Beginning the season of Lent each year – usually with at least a little trepidation – I tend to think about it entirely in terms of preparation.
And certainly this is true. I am not, after all, fully ready to receive the graces of Easter. I need to pray and sacrifice so that I can participate more authentically in the celebration of Christ’s resurrection. We all need time in the desert to remind ourselves of what’s important and to prepare our hearts for the Lord, and this part of the liturgical year embodies that need. As the Body of Christ, in fact, it’s a way for the Church herself to experience a time of penance and prayer leading up to the Triduum: the death, burial, and resurrection we come to share through Our Bridegroom and Lord.
But this year the readings on Ash Wednesday reminded me that our preparation is also more than a period of penitential waiting. In his second letter to the Corinthians, St. Paul writes:
“We appeal to you not to receive the grace of God in vain. For he says: ‘In an acceptable time I heard you, and on the day of salvation I helped you.’ Behold, now is a very acceptable time; behold, now is the day of salvation.”
Behold. It is a word that asks us to stop what we’re doing and look. Right now. It is a word that expresses presence, rather than the anticipation we might expect. Now is the day of salvation.
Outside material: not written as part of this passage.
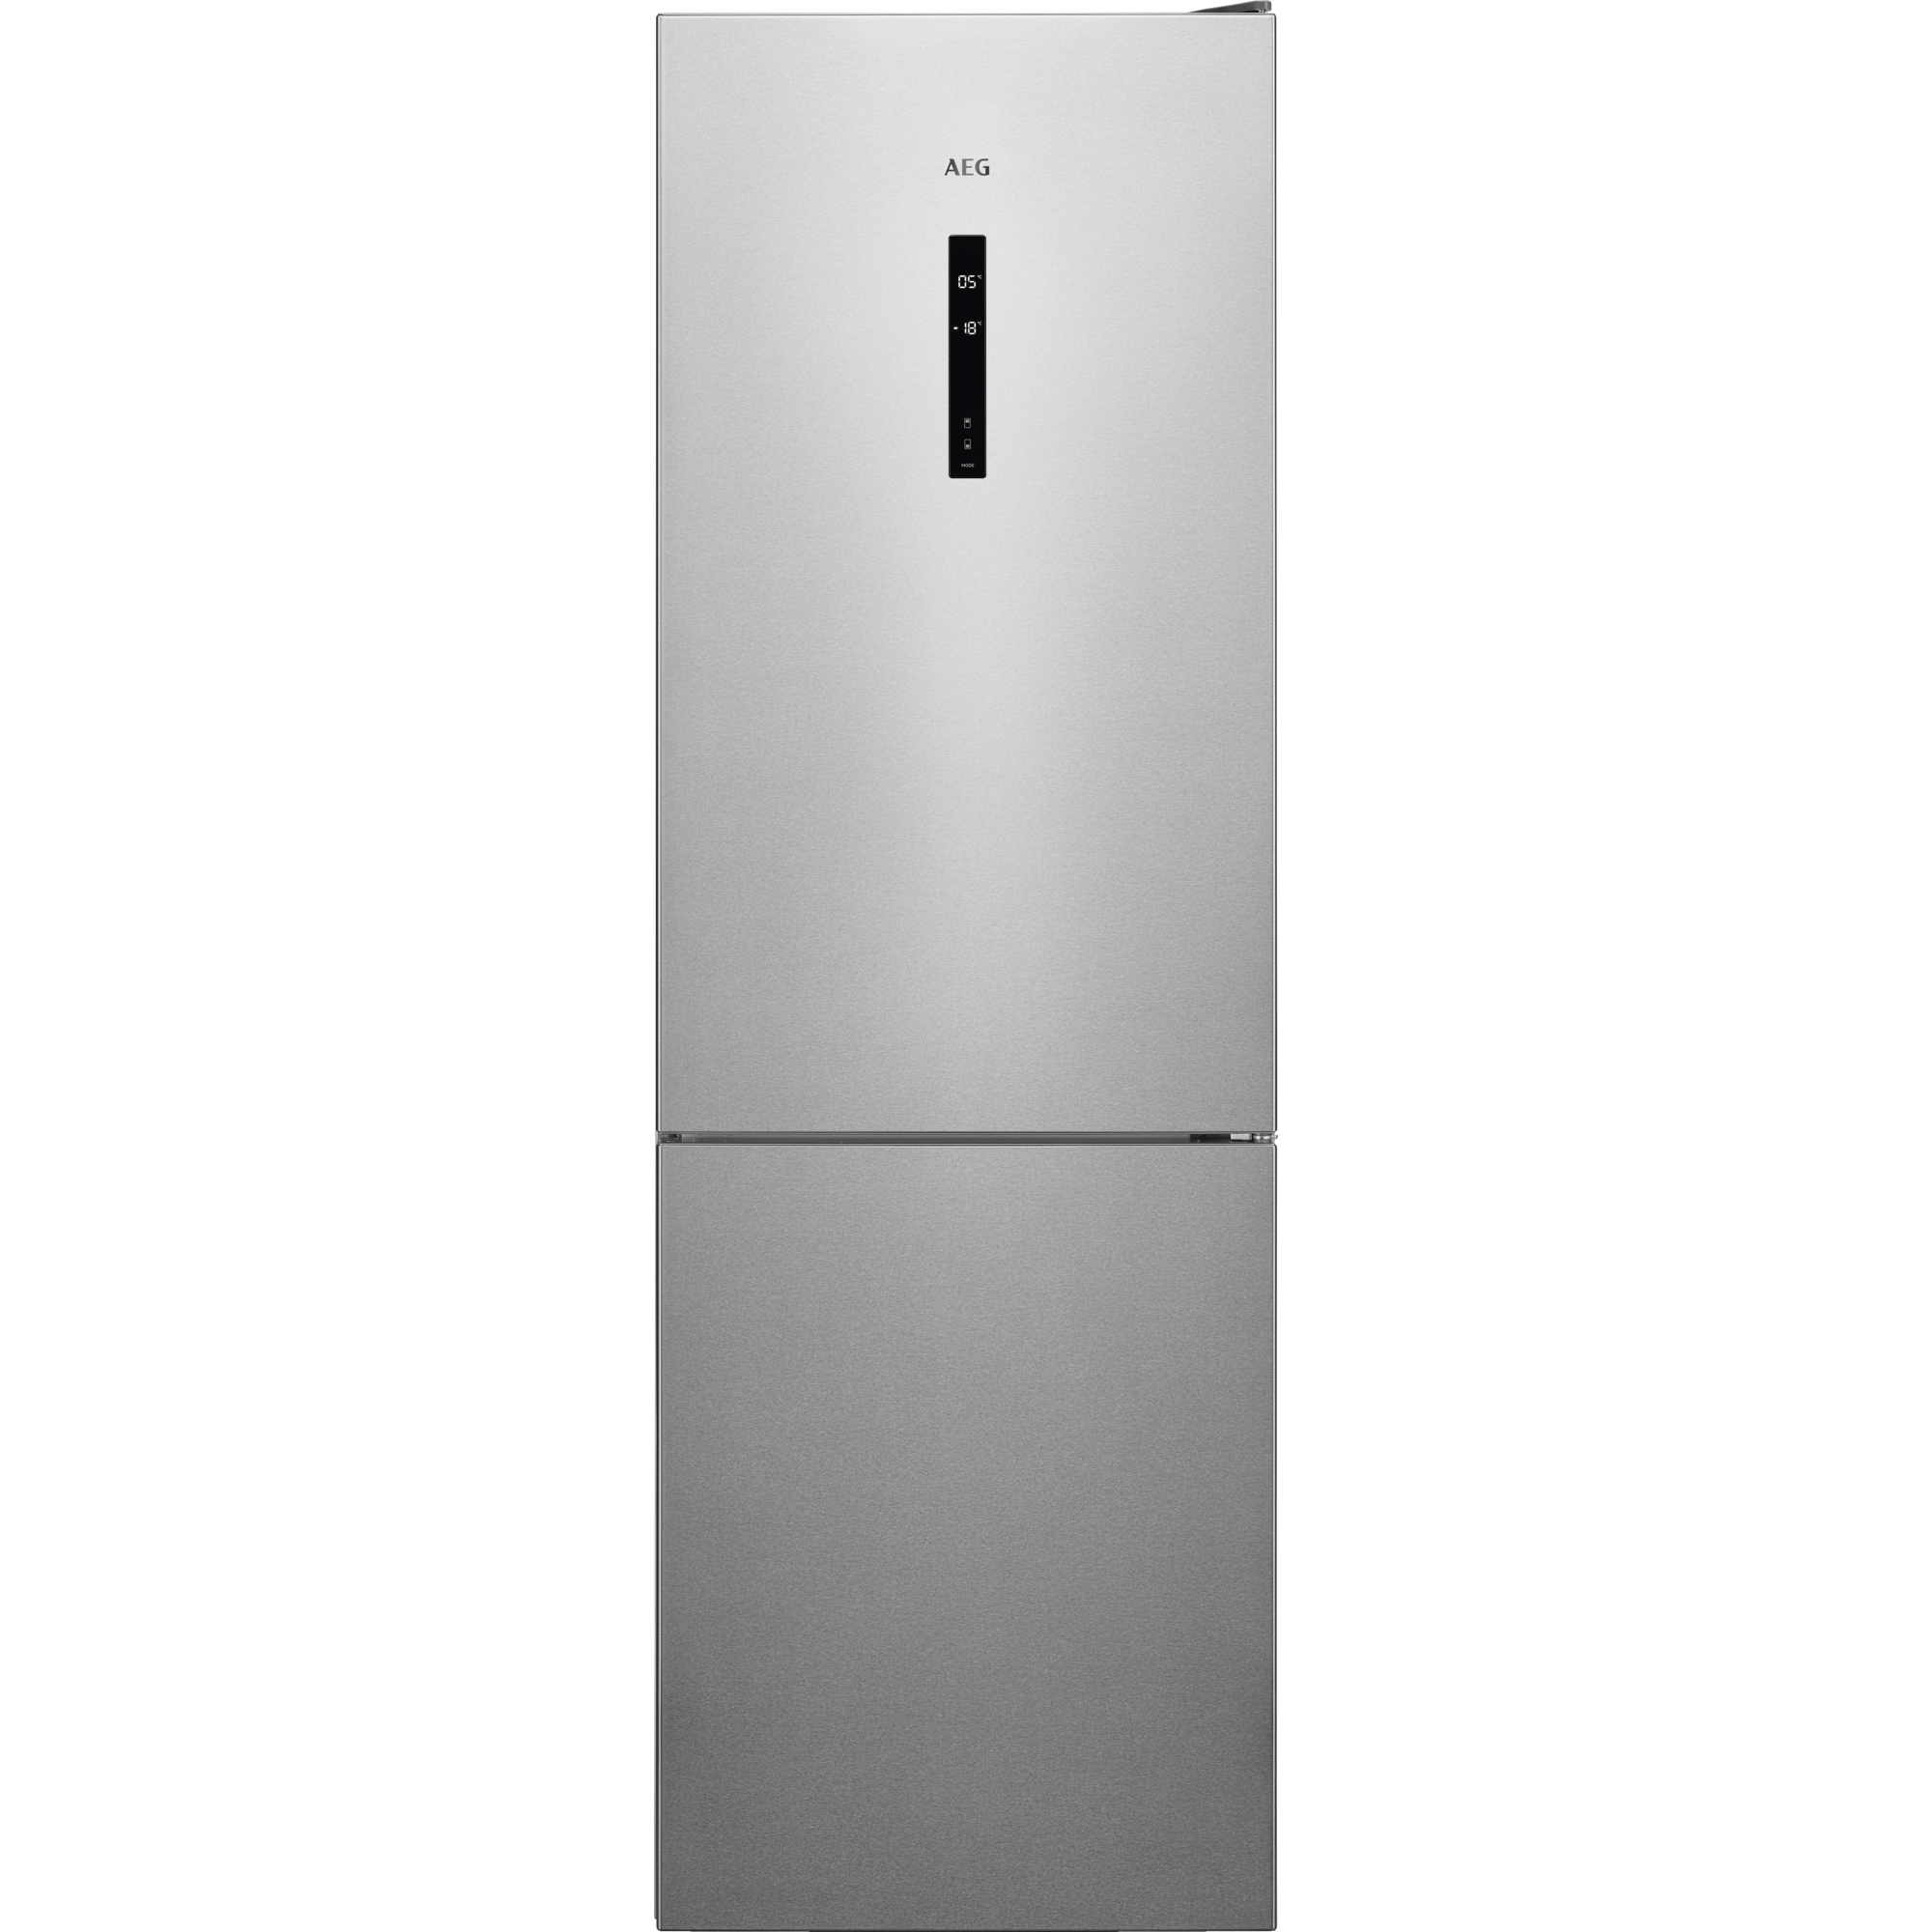 AEG RCB 732 Kühlgefrierkombination cm 186 MX Edelstahl-Türen, 5 kWh, Seiten hoch, E 250 grau) (E

Because we are creatures bound in time, living out our stories within its limitations and gifts, it’s hard to grasp the now-and-not-yet of God’s promise and presence. But Scripture reminds us – and our Sunday moments of yearlong Easter emphasize – that the time of salvation is always now. Even our penance and our Lenten preparation participate in the glory of Easter. Every effort to draw nearer to God by His grace – that is, every effort to allow Him nearer to our hearts – participates both in the suffering and in the resurrection.
May we find joy in our sacrifices, our small sufferings, by knowing that these – though real and necessary – are never cut off from the light and the peace for which we long. God’s love holds all things together and makes all things new. May we trust this, even when we cannot see it. And may we one day know this fully in the eternal Easter of heaven.
God bless you on your Lenten journey!